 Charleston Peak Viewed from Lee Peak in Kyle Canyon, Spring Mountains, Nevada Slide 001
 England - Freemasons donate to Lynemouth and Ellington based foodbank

=======

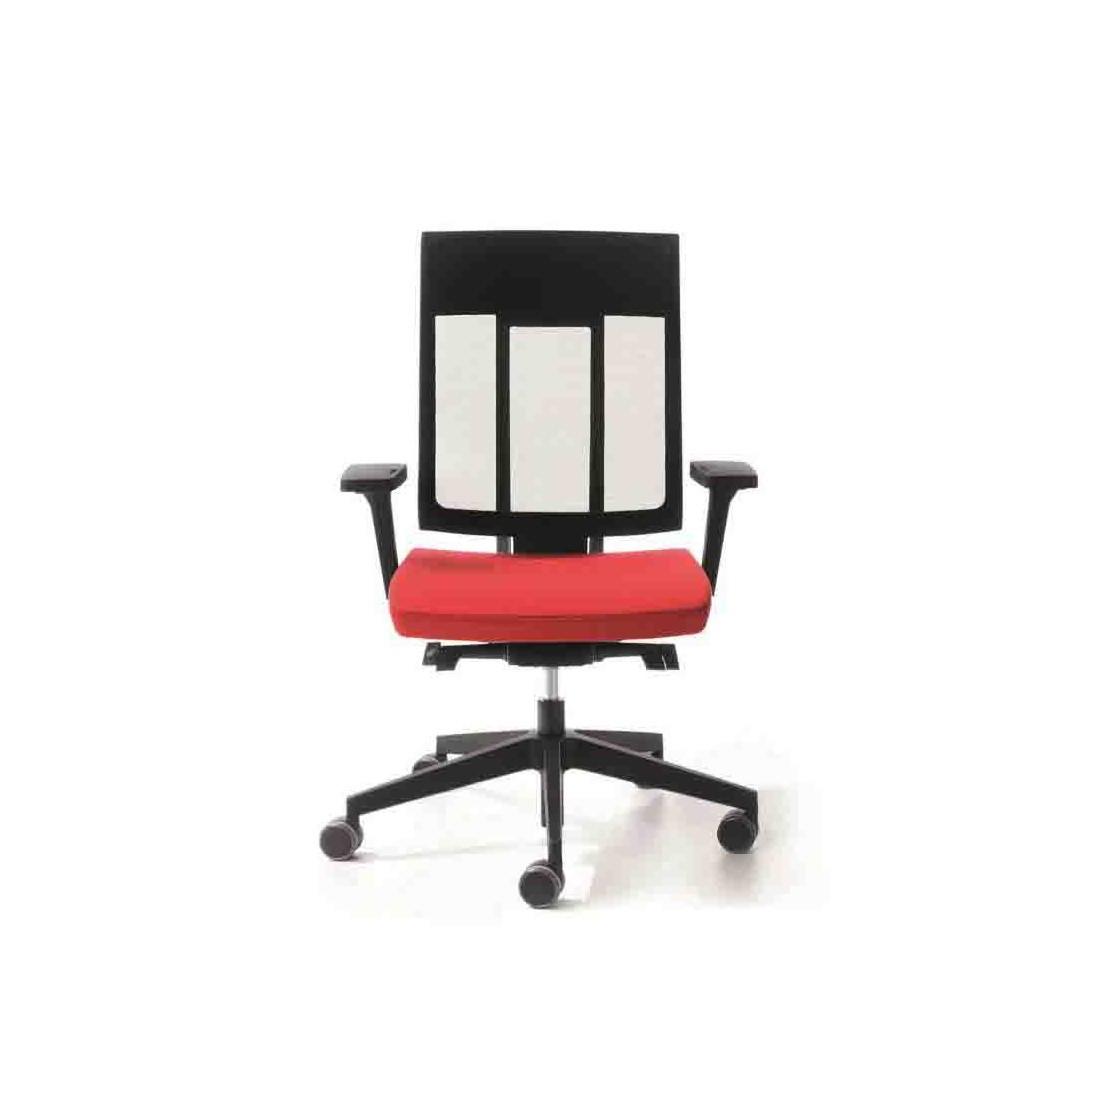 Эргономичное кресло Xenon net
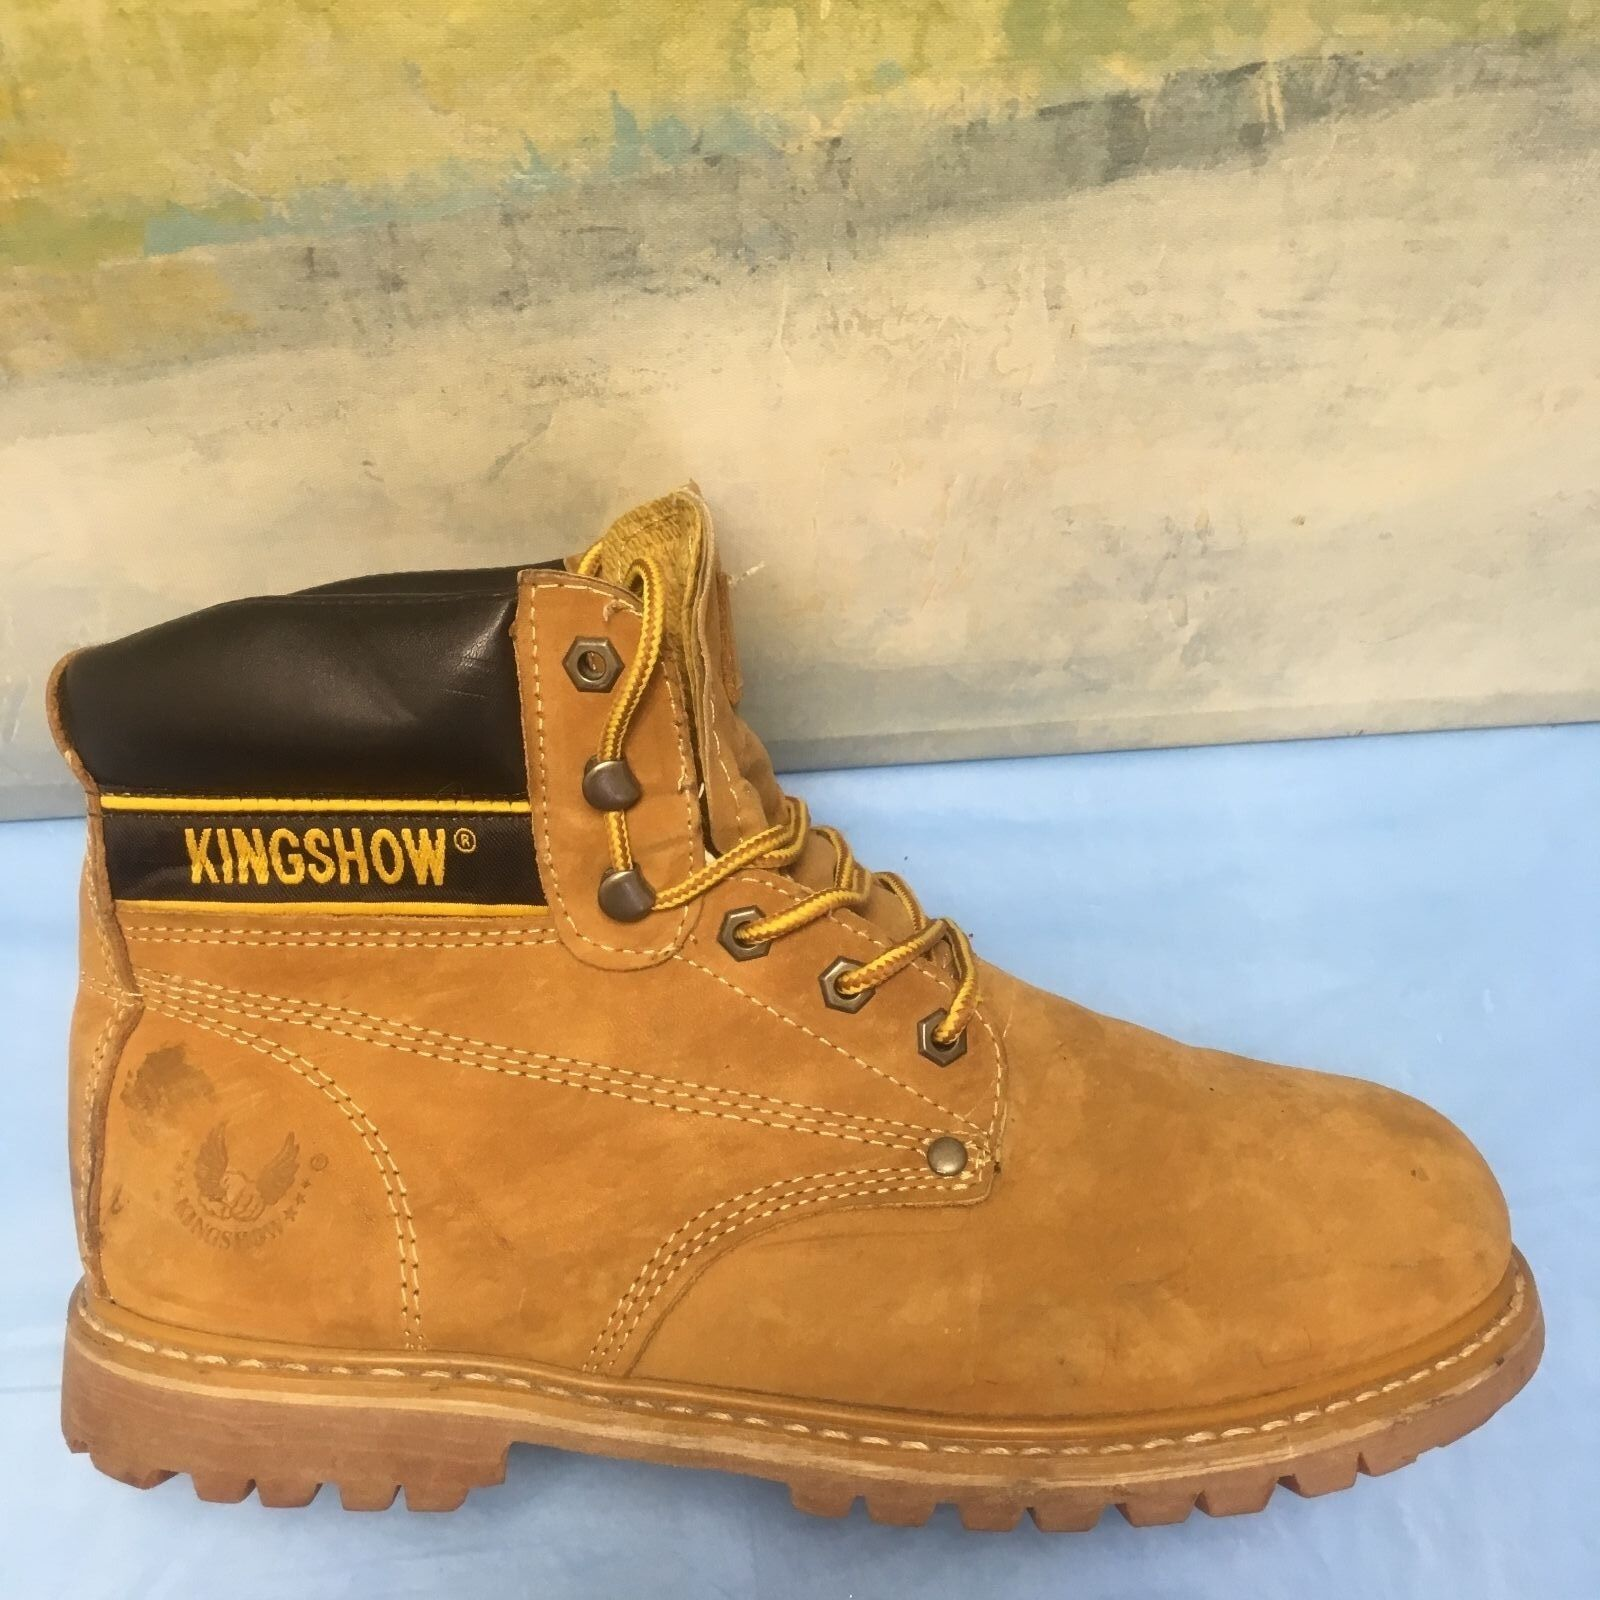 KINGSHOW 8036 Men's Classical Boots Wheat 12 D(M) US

=======

* _Task instructions_: The range runs from the line above containing "Charleston Peak Viewed" to the line containing "England - Freemasons", inclusive. Restate those lines word for word and no others.

* _Task response_:
 Charleston Peak Viewed from Lee Peak in Kyle Canyon, Spring Mountains, Nevada Slide 001
 England - Freemasons donate to Lynemouth and Ellington based foodbank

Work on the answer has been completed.